Saturday, April 12, 2014
Brief Apology for My Photography
There is an older sense of "apology" which denotes a defense of some idea, perspective, or action. This older use, less common today, does not necessarily carry the notion of regret for an idea, perspective, or action. It may simply indicate a defense of something against skeptics or critics. The word "apologia" -- for example, John Cardinal Newman's "Apologia Pro Vita Sua"-- serves this meaning and clearly does not suggest regret.
As it happens, though, I think I use the word "apology" in reference to my photography in both senses: defense and regret. I find that, in any given photographic excursion and in such excursions over time, I tend to take similar photographs. For example, this mid April day I took a long walk in the early morning to the Potomac River in Loudoun County just above Rowser's Ford. I love this walk and make it frequently. It involves trespassing on a private golf course to get to the river, but I usually do it early in the day and do no harm to the property. I transgress benignly. Along the way I often find many birds, a fox or two, flora in all stages depending on the season, smells and sounds, and the river as the destination. There and back, I take photographs. Almost by definition I take similar photographs repeatedly. I know that, and any who look at my photographs would know it.
But -- and here is the defense -- the experiences are similar yet new every time. The same things -- herons, foxes, trees, river banks, the Seneca Acqueduct across the river, moving and still water, reflections -- change by the hour, the month, the season. Precipitation or its lack changes how things look. The season changes how things look. Light in particular changes how things look. And the light changes moment to moment, day to day, month to month. In only a short time on the same day the water or the trees or the acqueduct takes on new qualities of color and form as the light changes. How much more do qualities change and manifest over weeks and seasons? I find the colors and forms fascinating. I find the play of light on all things wondrously and endlessly interesting. So I iterate similar photographs each excursion and over time, always with the urge to express new nuances of what can be seen.

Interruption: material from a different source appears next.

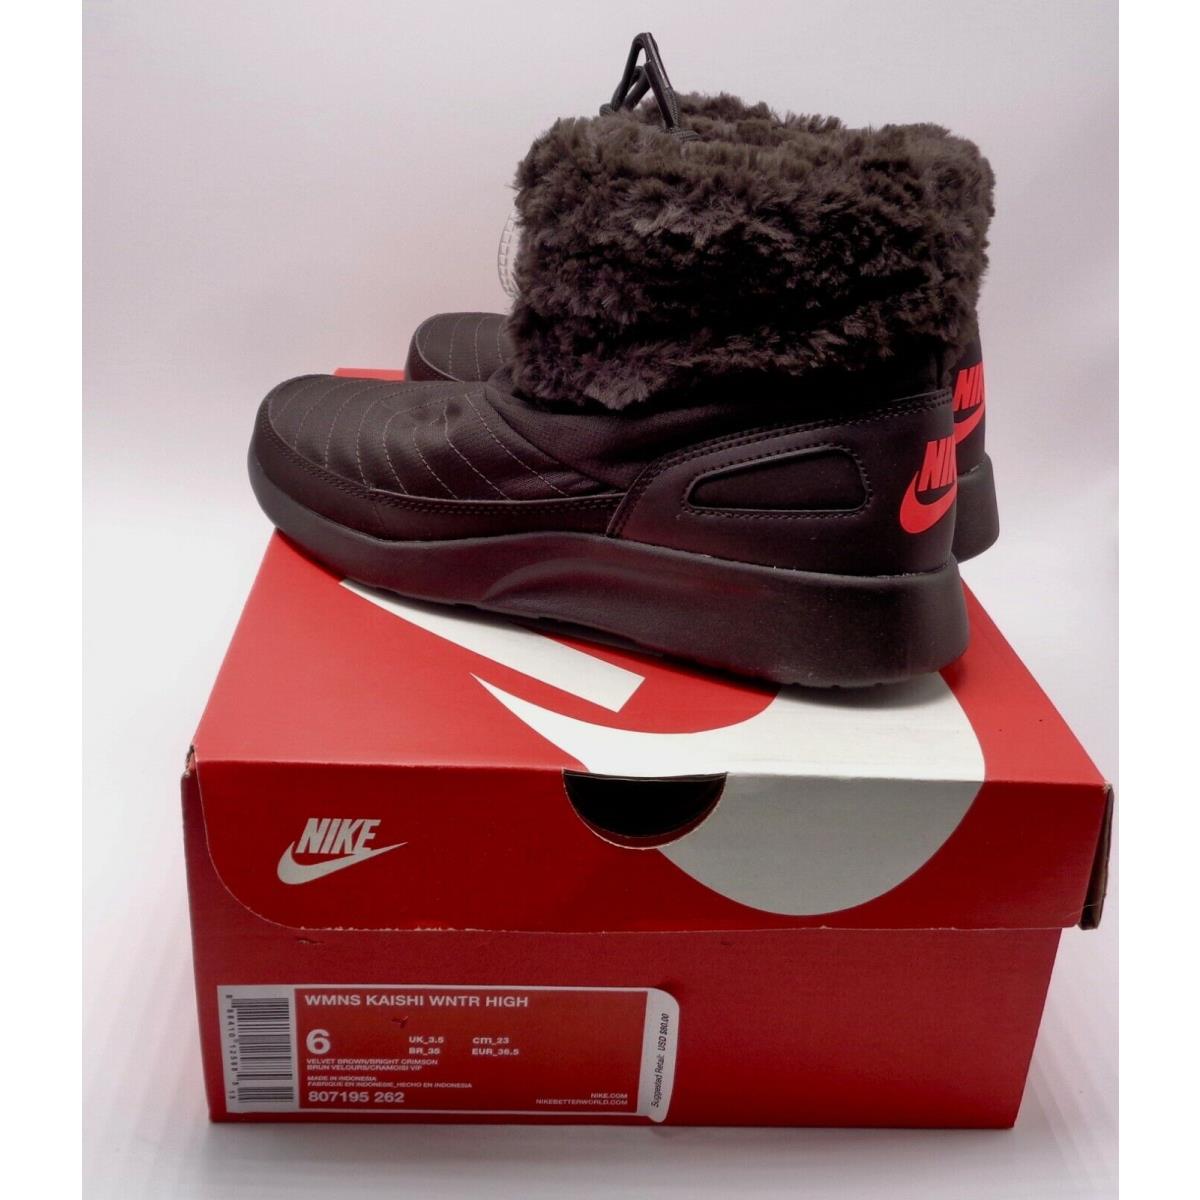 Nike Kaishi Winter High Shoes Boots Womens Size 6 Faux Fur Velvet Brown/crimson

But -- and here is the regret -- I know that some of my repetition of photographic subjects owes to lacks in imagination and discipline in the exercise. In terms of imagination or vision, I tend to seek the same experiences repeatedly. I do not push myself to extend my range of photographic subjects. In terms of discipline, I tend to photograph without sufficient intention and effort. Greater purpose and attention in the act of photography would yield better results. Also, I tend to keep and show too many photographs rather than paring those of lesser quality. Editing in photography, as in writing, requires a certain asceticism, especially with respect to what to possess.
And so I offer an apology for my photography with the desire that the photographs -- to the extent they succeed, with regret where they fail -- will please and enhance the lives of any who view them. I pray that I do not make and show them to put myself on display, at least not primarily or finally. Rather, I hope the viewer will see what I see, which is a world of wonder and beauty in myriad forms, in things small and large, in things broken and perfected.